Comment thread scripts/seed-aviation.mjs
Comment on lines +267 to 271
export function declareRecords(data) {
return data?.summaries?.length ?? 0;
}

runSeed('aviation', 'ops-news', OPS_CACHE_KEY, fetchAll, {
Copy link
Copy Markdown
Contributor

Choose a reason for hiding this comment

The reason will be displayed to describe this comment to others. Learn more.

P2 Missing isMain guard on seeders that export declareRecords

seed-aviation.mjs exports declareRecords (for contract conformance) but calls runSeed() unconditionally at the module level. The comment in seed-fsi-eu.mjs explicitly marks this guard as "required for scripts that export AND call runSeed at top level — prevents runSeed() from firing when this module is imported in tests or CI." The conformance test reads files as text so it doesn't trigger this today, but any future test that does import { declareRecords } from './seed-aviation.mjs' will immediately fire runSeed(), attempting a Redis write and calling process.exit(), killing the test runner.

The same pattern appears in ~39 other seeders in this PR (e.g. seed-climate-news.mjs, seed-conflict-intel.mjs, seed-bigmac.mjs …). seed-fsi-eu.mjs is the reference implementation:

const isMain = process.argv[1] && import.meta.url.endsWith(process.argv[1].replace(/^file:\/\//, ''));
if (isMain) {
  runSeed(...).catch(...);
}

koala73 added 3 commits April 15, 2026 07:40
After PR 2a enveloped 91 canonical keys as {_seed, data}, every script-side
reader that returned the raw parsed JSON started silently handing callers the
envelope instead of the bare payload. WoW baselines (bigmac, grocery-basket,
fear-greed) saw undefined .countries / .composite; seed-climate-anomalies saw
undefined .normals from climate:zone-normals:v1; seed-thermal-escalation saw
undefined .fireDetections from wildfire:fires:v1; seed-forecasts' ~40-key
pipeline batch returned envelopes for every input.

Fix: route every script-side reader through unwrapEnvelope(...).data. Legacy
bare-shape values pass through unchanged (unwrapEnvelope returns
{_seed: null, data: raw} for any non-envelope shape).

Changed:
- scripts/_seed-utils.mjs: import unwrapEnvelope; redisGet, readSeedSnapshot,
  verifySeedKey all unwrap.

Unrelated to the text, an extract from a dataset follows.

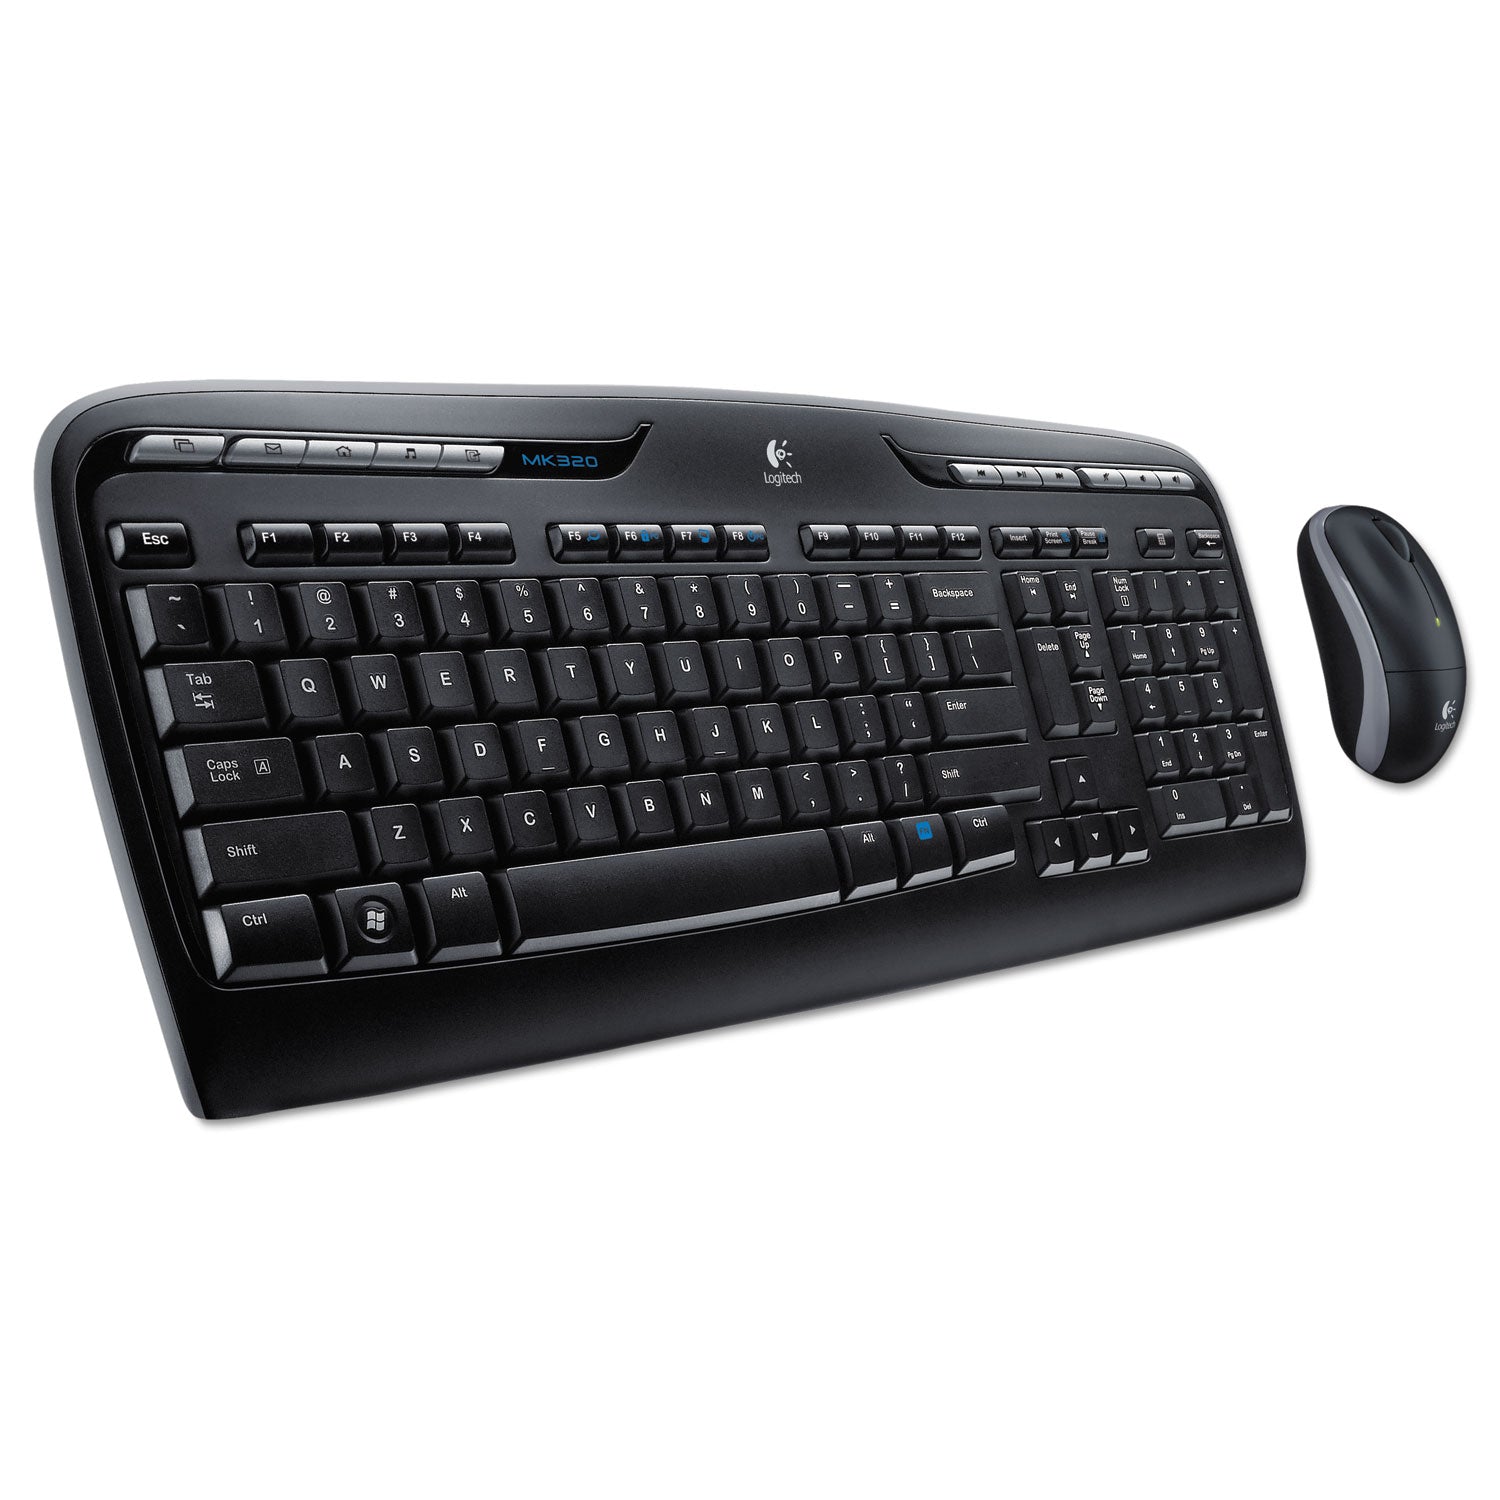 MK320 Wireless Keyboard + Mouse Combo, 2.4 GHz Frequency/30 ft Wireless Range, Black -

Exported new readCanonicalValue() helper for
  cross-seed consumers.
- 18 seed-*.mjs scripts with local redisGet-style helpers or inline fetch
  patched to unwrap via the envelope source module (subagent sweep).
- scripts/seed-forecasts.mjs pipeline batch: parse() unwraps each result.
- scripts/seed-energy-spine.mjs redisMget: unwraps each result.

Tests:
- tests/seed-utils-envelope-reads.test.mjs: 7 new cases covering envelope
  + legacy + null paths for readSeedSnapshot and verifySeedKey.
- Full seed suite: 67/67 pass (was 61, +6 new).

Addresses both of user's P1 findings on PR #3097.
Every RPC and public-boundary reader now automatically strips _seed from
contract-mode canonical keys. Legacy bare-shape values pass through unchanged
(unwrapEnvelope no-ops on non-envelope shapes).

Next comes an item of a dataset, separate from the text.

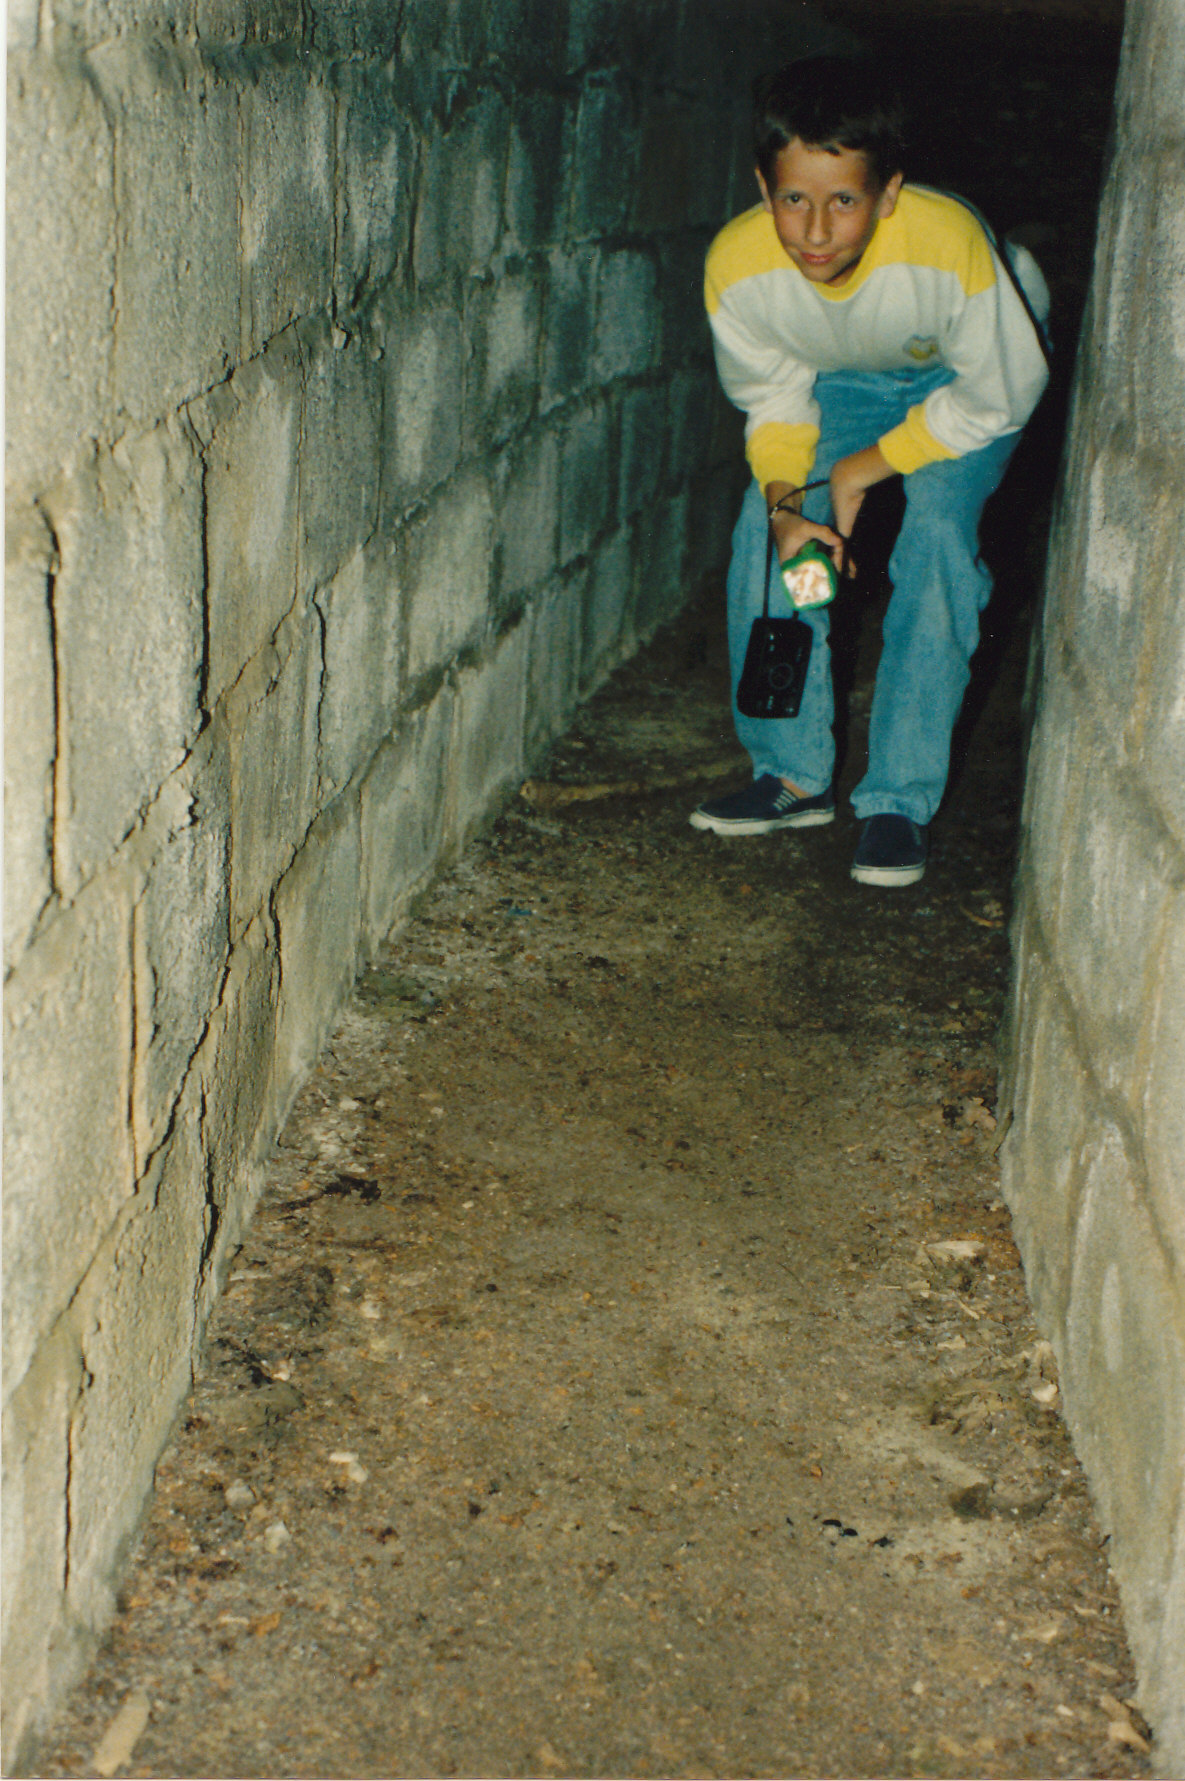 Plympton escape tunnel 1992

Changed helpers (one-place fix — unblocks ~60 call sites):
- server/_shared/redis.ts: getRawJson, getCachedJson, getCachedJsonBatch
  unwrap by default. cachedFetchJson inherits via getCachedJson.
- api/_upstash-json.js: readJsonFromUpstash unwraps (covers api/mcp.ts
  tool responses + all its canonical-key reads).
- api/bootstrap.js: getCachedJsonBatch unwraps (public-boundary —
  clients never see envelope metadata).

Left intentionally unchanged:
- api/health.js / api/seed-health.js: read only seed-meta:* keys which
  remain bare-shape during dual-write. unwrapEnvelope already imported at
  the meta-read boundary (PR 1) as a defensive no-op.

Tests: 67/67 seed tests pass. typecheck + typecheck:api clean.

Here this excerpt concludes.